This PR is an attempt to fix#8257 and fix#10985 (which is
duplicate-ish)
# Description
The parser currently doesn't know how to deal with colons appearing
while lexing whitespace-terminated tokens specifying a record value.
Most notably, this means you can't use datetime literals in record value
position (and as a consequence, `| to nuon | from nuon` roundtrips can
fail), but it also means that bare words containing colons cause a
non-useful error message.
![image](https://github.com/user-attachments/assets/f04a8417-ee18-44e7-90eb-a0ecef943a0f)
`parser::parse_record` calls `lex::lex` with the `:` colon character in
the `special_tokens` argument. This allows colons to terminate record
keys, but as a side effect, it also causes colons to terminate record
*values*. I added a new function `lex::lex_n_tokens`, which allows the
caller to drive the lexing process more explicitly, and used it in
`parser::parse_record` to let colons terminate record keys while not
giving them special treatment when appearing in record values.
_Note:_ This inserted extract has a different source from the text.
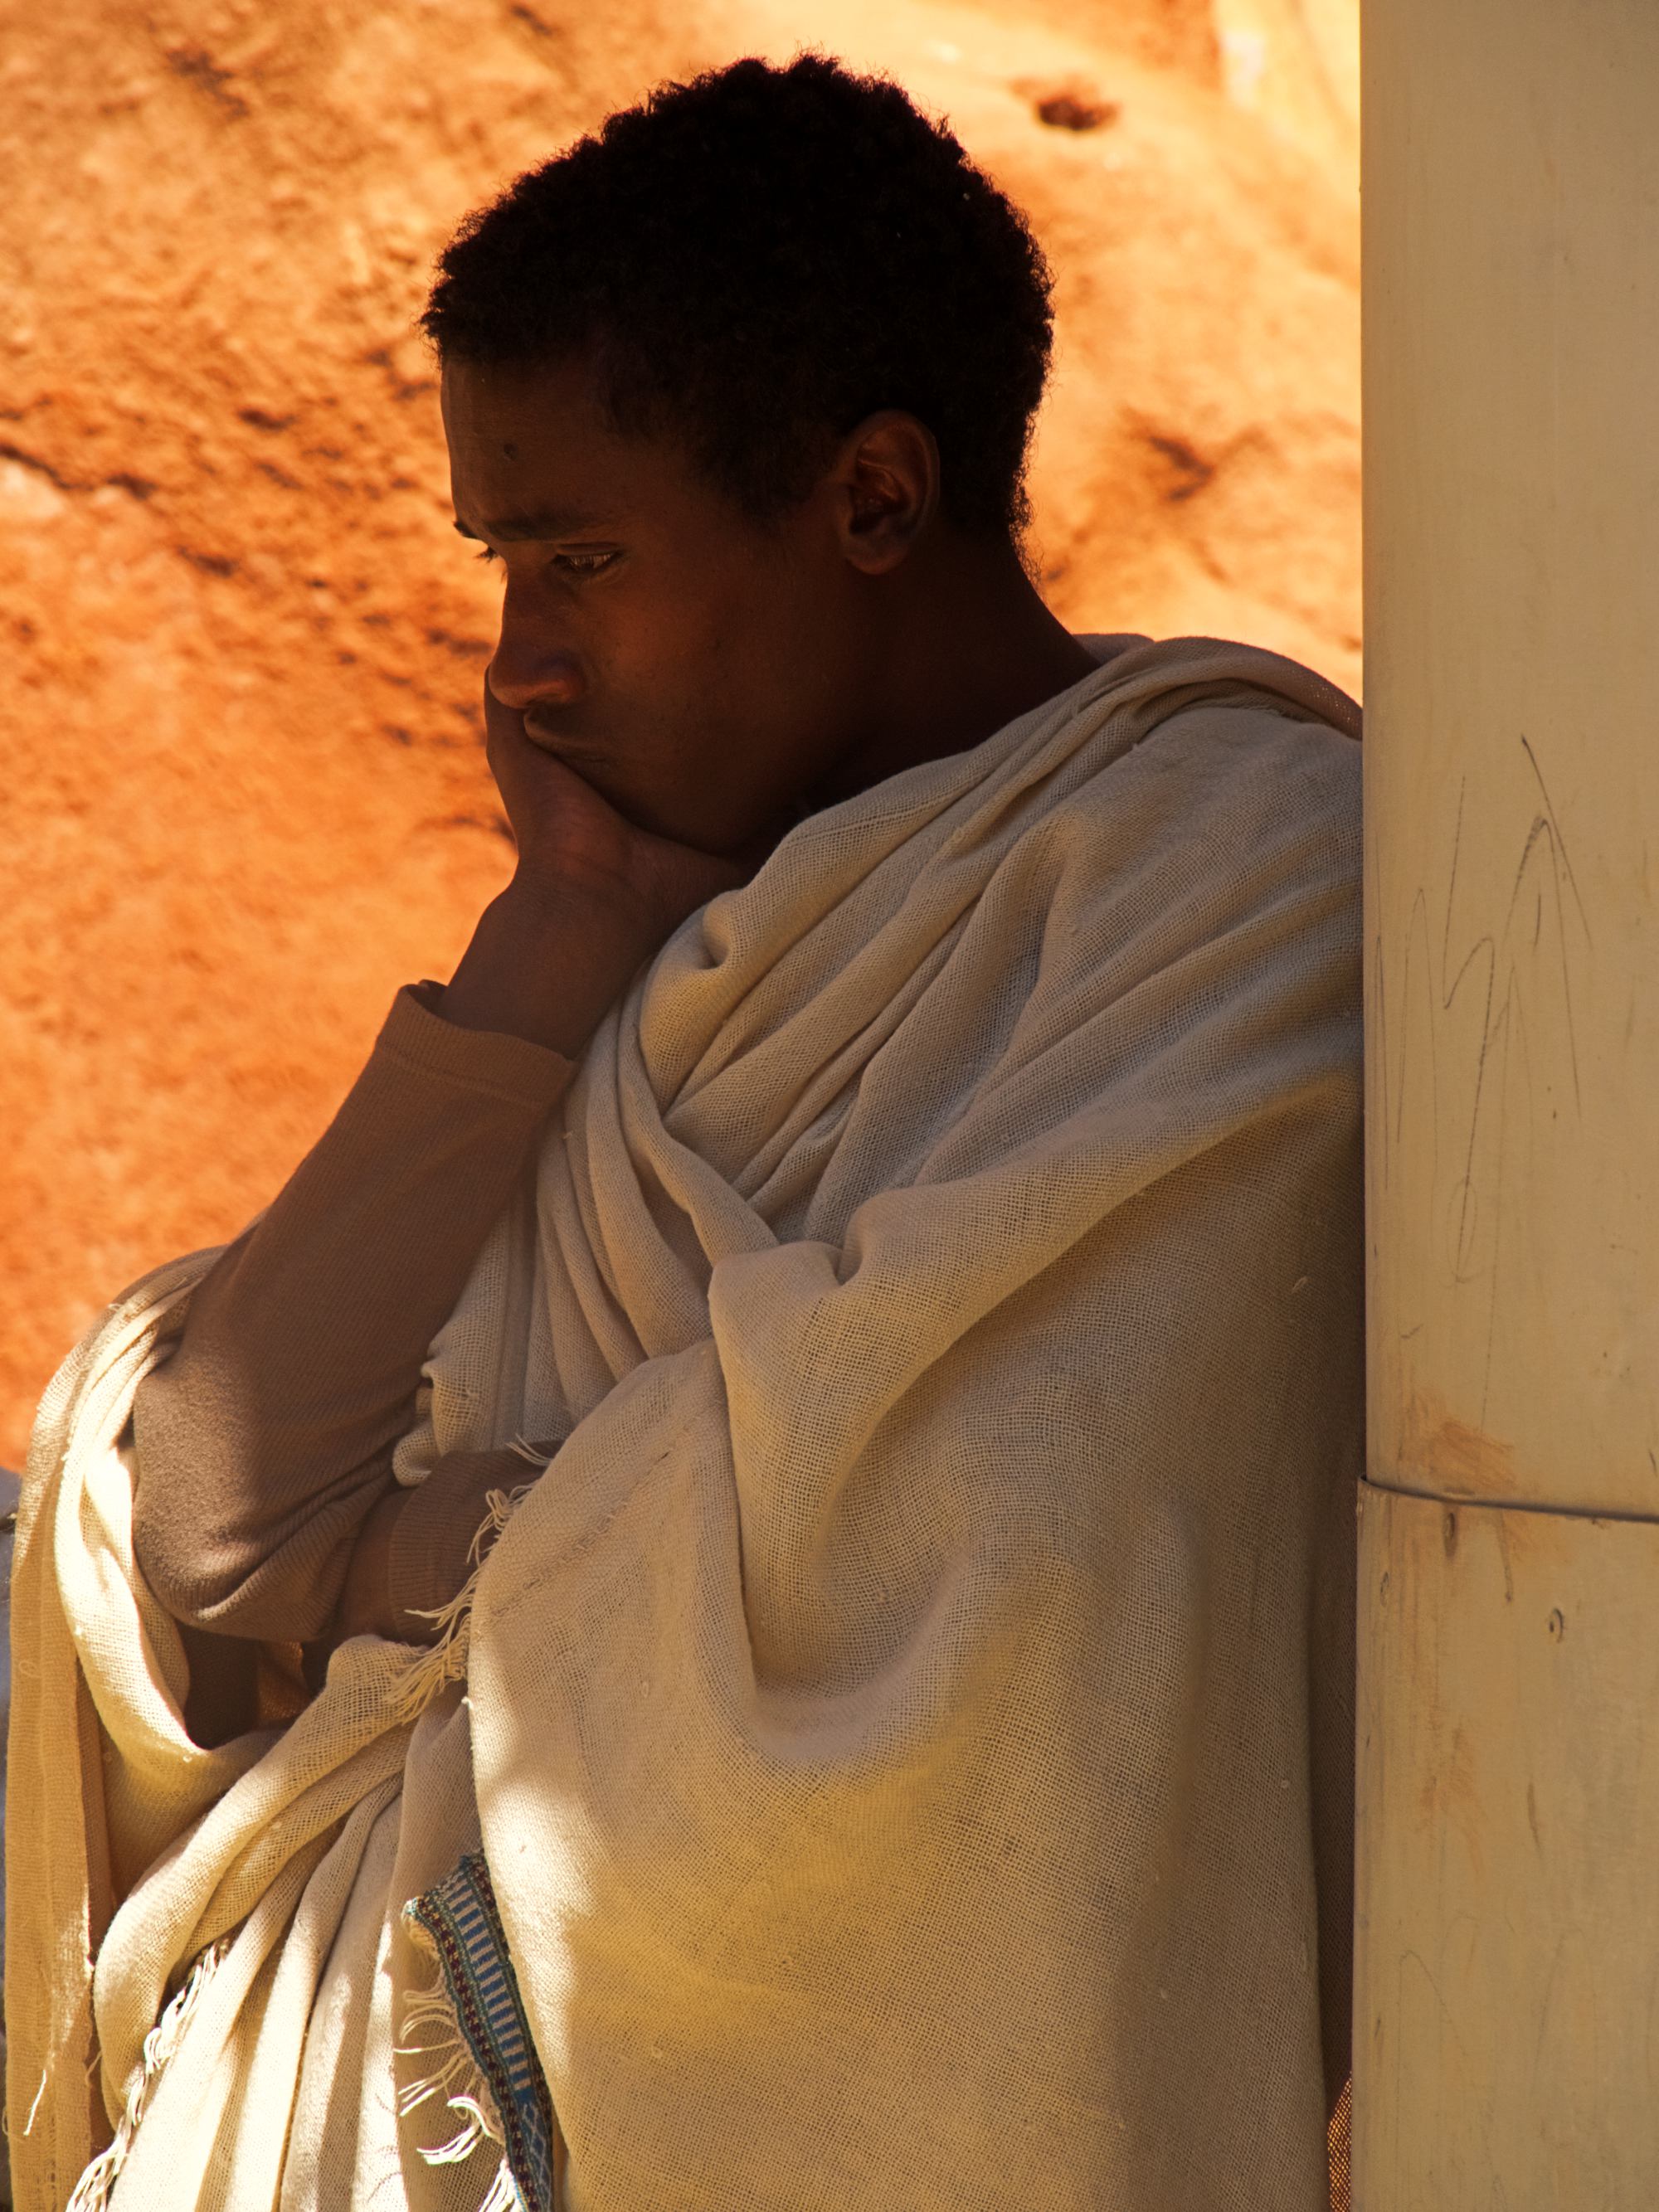 Etiopía, un inesperado descubrimiento de ocho días, Addis Abeba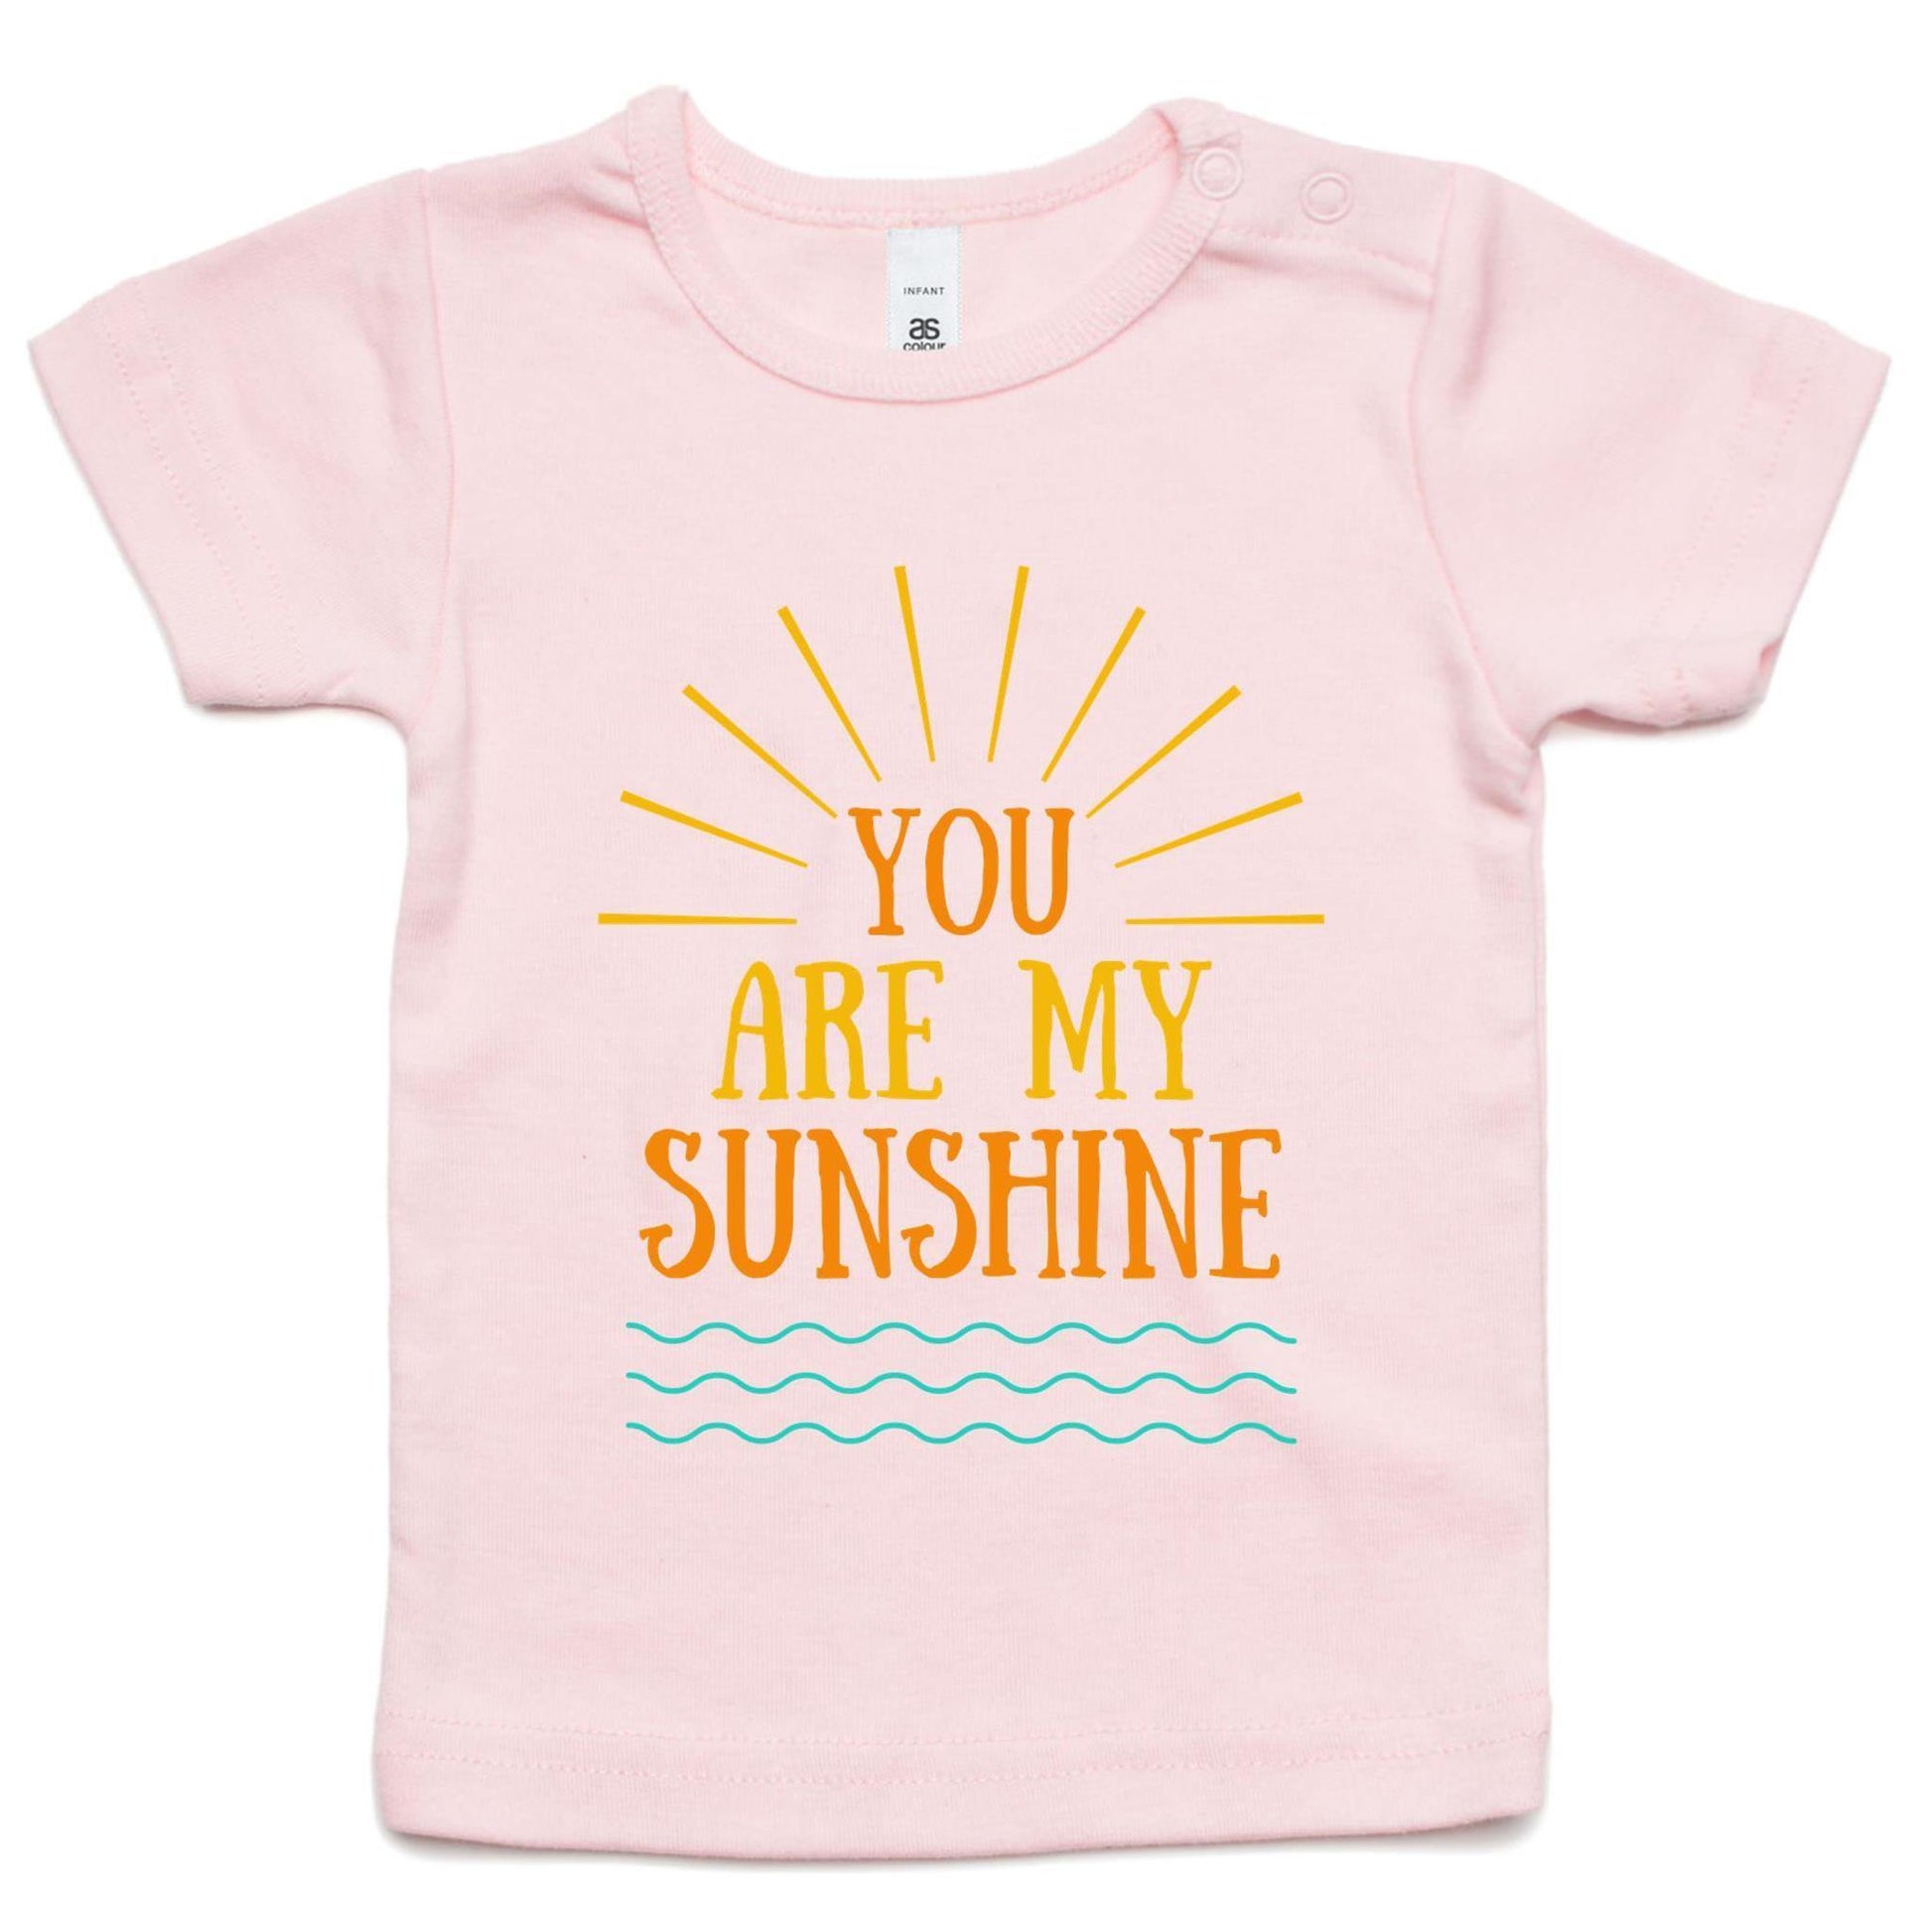 You Are My Sunshine - Baby T-shirt Pink Baby T-shirt kids

This PR description previously said: *Another approach suggested in one
of the issues was to support an additional datetime literal format that
doesn't require colons. I like that that wouldn't require new
`lex::lex_internal` behaviour, but an advantage of my approach is that
it also newly allows for string record values given as bare words
containing colons. I think this eliminates another possible source of
confusion.* It was determined that this is undesirable, and in the
current state of this PR, bare word record values with colons are
rejected explicitly. The better error message is still a win.
# User-Facing Changes
In addition to the above, this PR also disables the use of "special"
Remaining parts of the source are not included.